He pensado una vez más en todo esto cuando he repasado el ojo y la mano de Azorín, del que hablé aquí hace pocos días. Se puede tomar el ejemplo de Azorín, el de Pla o el de cualquier otro ojo que haya cumplido bien su misión y el de cualquier mano que haya contado cuanto el ojo veía.
Azorín cuenta en su libro «Madrid» cómo Don José Ortega y Munilla, director de «El Imparcial«, le llama a su casa para encargarle una serie de artículos o reportajes sobre la ruta de Don Quijote. «En su casa, mano a mano los dos- cuenta Azorín -, ha de darme las últimas instrucciones para el viaje. Con el mayor misterio me dice: «Bueno, ya lo sabe usted. Va usted primero, naturalmente, a Argamasilla de Alba. De Argamasilla creo yo que se debe usted alargar a las lagunas de Ruidera. Y como la cueva de Montesinos está cerca, baja usted a la cueva. ¿No se atreverá usted? No estará muy profunda. ¿Y dónde cree usted que ha de ir después? Y, ¿cómo va usted a hacer el viaje? No olvide los molinos de viento. Ni el Toboso. ¿Ha estado usted en el Toboso alguna vez? ¡Ah, antes que se me olvide!». Y diciendo esto – sigue Azorín -, don José Ortega Munilla abre un cajón, saca de él un revolver chiquito y lo pone en mis manos. Le miro atónito. No sé lo que decirle. «No le extrañe usted – me dice el maestro -. No sabemos lo que puede pasar. Va usted a viajar solo por campos y montañas. En todo viaje hay una legua de mal camino. Y ahí tiene usted ese chisme por lo que pueda tronar».

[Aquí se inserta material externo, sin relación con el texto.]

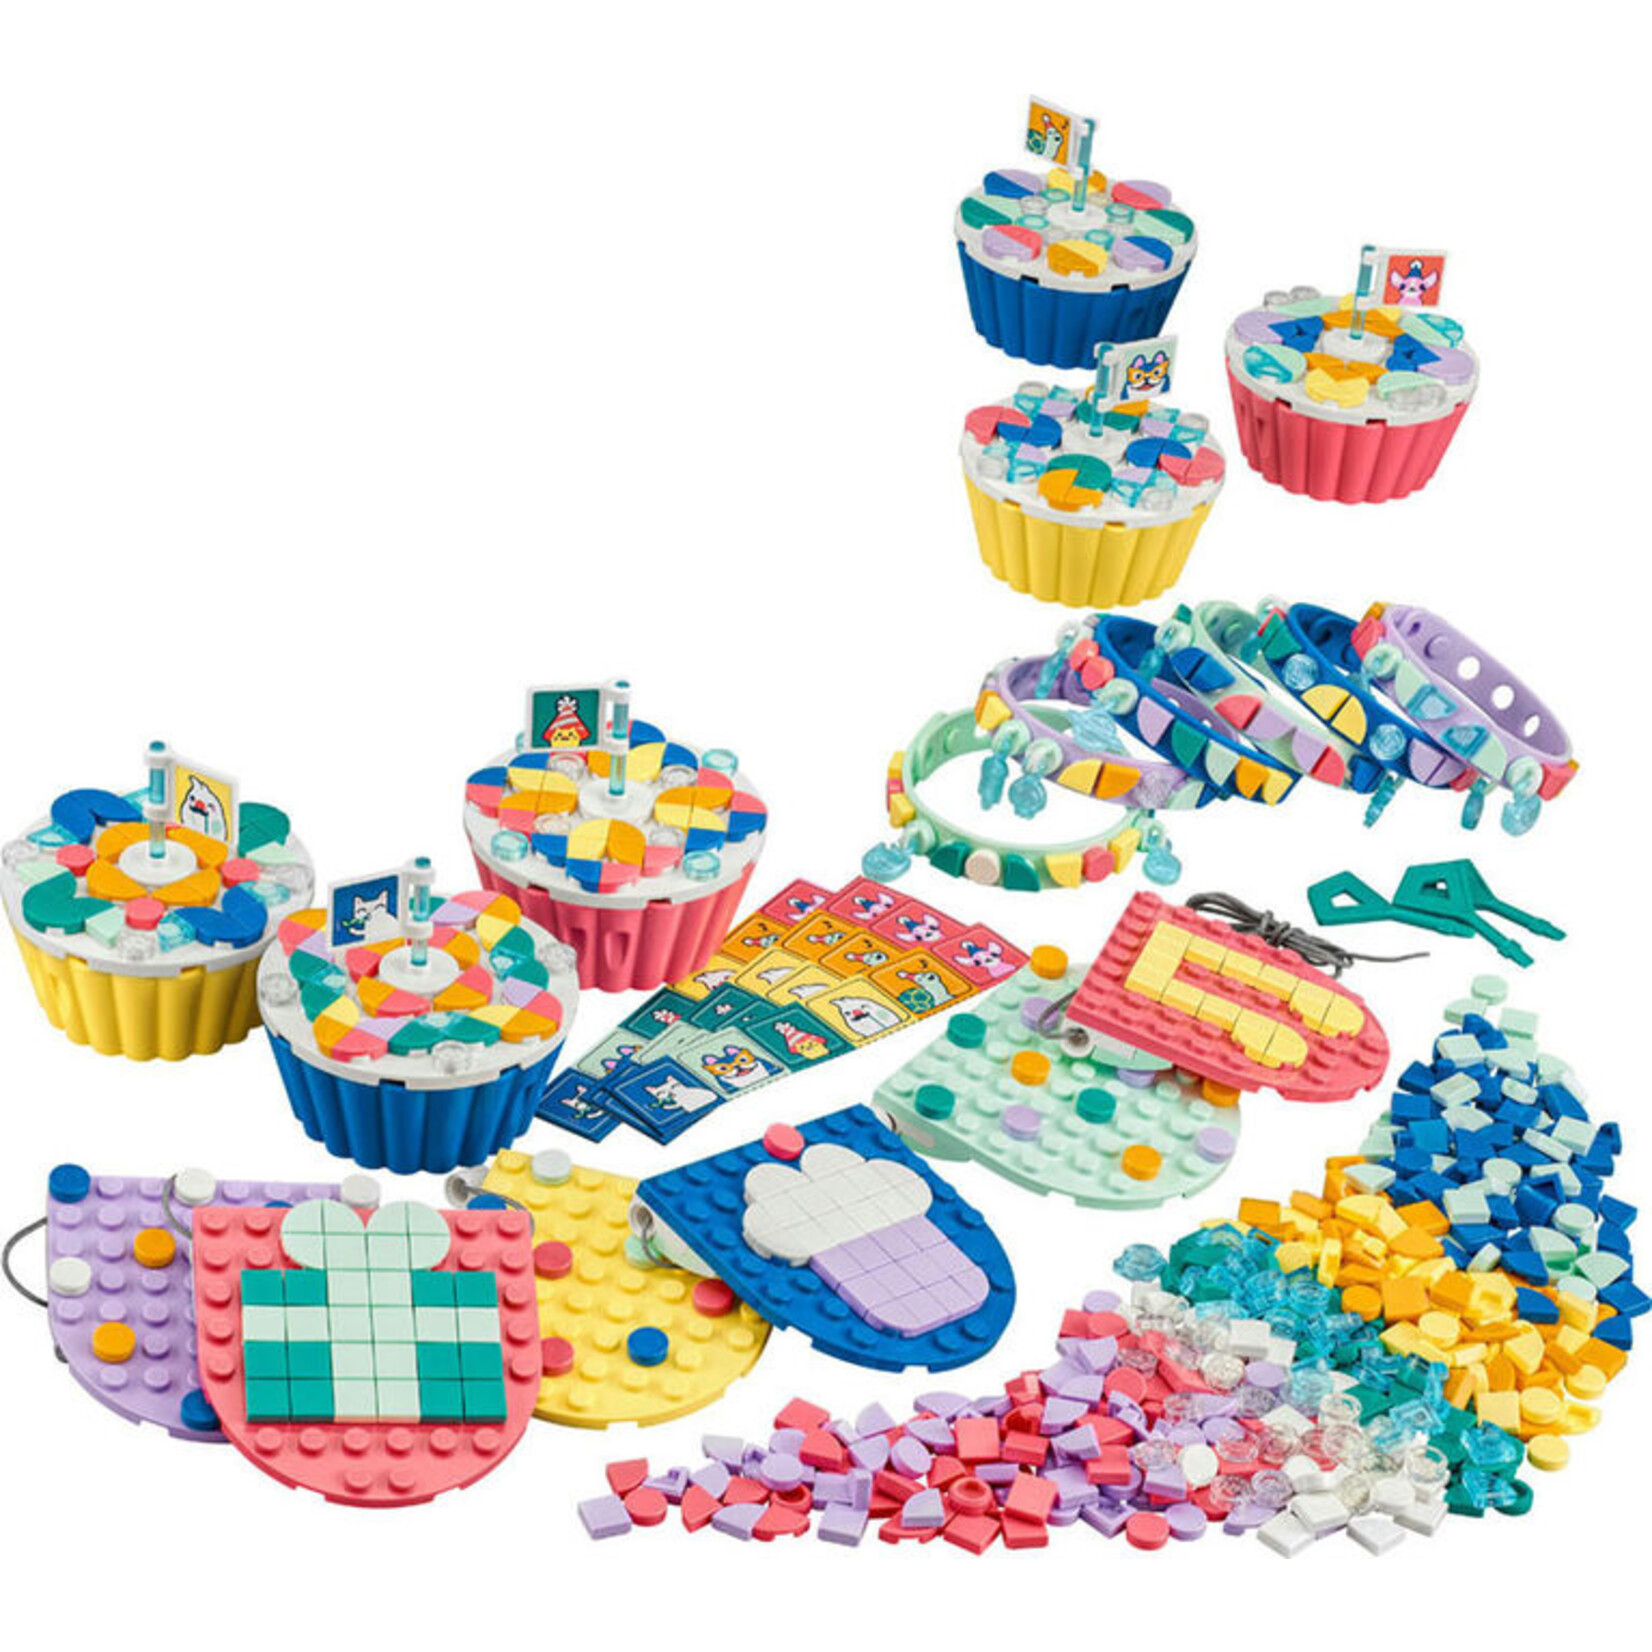 LEGO Dots Ultimate Party Kit

El ojo de Azorín viaja por la ruta de Don Quijote. La mano de Azorín escribe desde allí sus artículos a lápiz, que en aquel tiempo es su silenciosa herramienta. Tienen un éxito asombroso en «Los Lunes» de «El Imparcial«. Walter Starkie cuenta cómo observó aquel ojo y cómo se movió aquella mano por tales tierrras: «Cuando llegó en el tren a Cinco Casas Azorín tomó un coche de caballos junto a otros viajeros, y durante los doce a trece kilómetros del trayecto a Argamasilla no dijo ni una sola palabra ni al cochero ni a los viajeros. (…) Al llegar a la fonda de la Xantipa, Azorín pidió una habitación sencilla que diera a la parte posterior, e insistió que no quería nada más que la cama, una silla, una mesa y dos velas. Durante la cena no despegó los labios e inmediatamente después se encerró en su habitación y empezó a escribir… Luego salió a dar una vuelta por el pueblo y le siguieron de lejos; vieron que se paraba delante de ciertas casas y las miraba detenidamente, anotando algo en un libro. Más tarde le vieron entrar de puntillas en un patio y mirar tímidamente, y al oir pasos correr hacia fuera. Con todo esto crecieron las sospechas, y uno de los huéspedes más osado penetró en su habitación para investigar y encontró muchos papeles rotos. Fue a consultar a los demás y vieron que estaban escritos en un idioma muy raro. Uno sabía francés, pero no era francés, ni alemán tampoco, y no lo pudieron comprender, porque Azorín, que era periodista, escribía en taquigrafía. (…) Todo esto duró hasta que empezaron a llegar los artículos que Azorín escribía para «El Imparcial«, y entonces descubrieron el misterio, porque encontraron en los artículos una descripción detallada de sí mismos, lo que eran, lo que dijeron, cuántos coñacs habían tomado en los casinos, sus ideas, todo». («El artículo literario y periodístico».-Eiunsa, 2007.-págs 48-50).
Hoy no sé qué le diría el director de turno al moderno Azorín.
No le daría un revolver porque el periodista ya sabe cuántos controles tiene que pasar en los aeropuertos. Tampoco la herramienta es hoy un lápiz ni se viaja en coche de caballos. Lo que no ha cambiado es el ojo – pupila de Azorín o de Pla – que debe observar y analizar catástrofes nucleares y catástrofes domésticas, los dramas de la emigración y de la ausencia de cultura, la desertización moral y el vacío de valores, ese gesto de la infancia abandonada o el sopor y bostezo de tantos políticos.
(Fotos: La ruta de Don Quijote; Cueva de Medrano .-Argamasilla de Alba.-clubbiored.org.-altoguadianamancha.org.)

CORRESPONSALES EN PARÍS

El periodismo y las ciudades hacen de repente amigos en el tiempo, ciudades que fueron vistas por ojos observadores, plumas que se inclinaron en hojas volanderas, yemas de dedos pulsando teclados. Los aparatos últimos para los periodistas son eso – simplemente aparatos, máquinas en continua ebullición (como el móvil, la más moderna pantalla, el ordenador ligero y casi transparente, y tantas cosas más). El ojo humano del periodista – si es ojo de verdad – no necesita estar al servicio del aparato sino servirse de él, como uno «se sirve» del automóvil rápido para cruzar los puentes del Sena y casi se olvida de que está conduciendo.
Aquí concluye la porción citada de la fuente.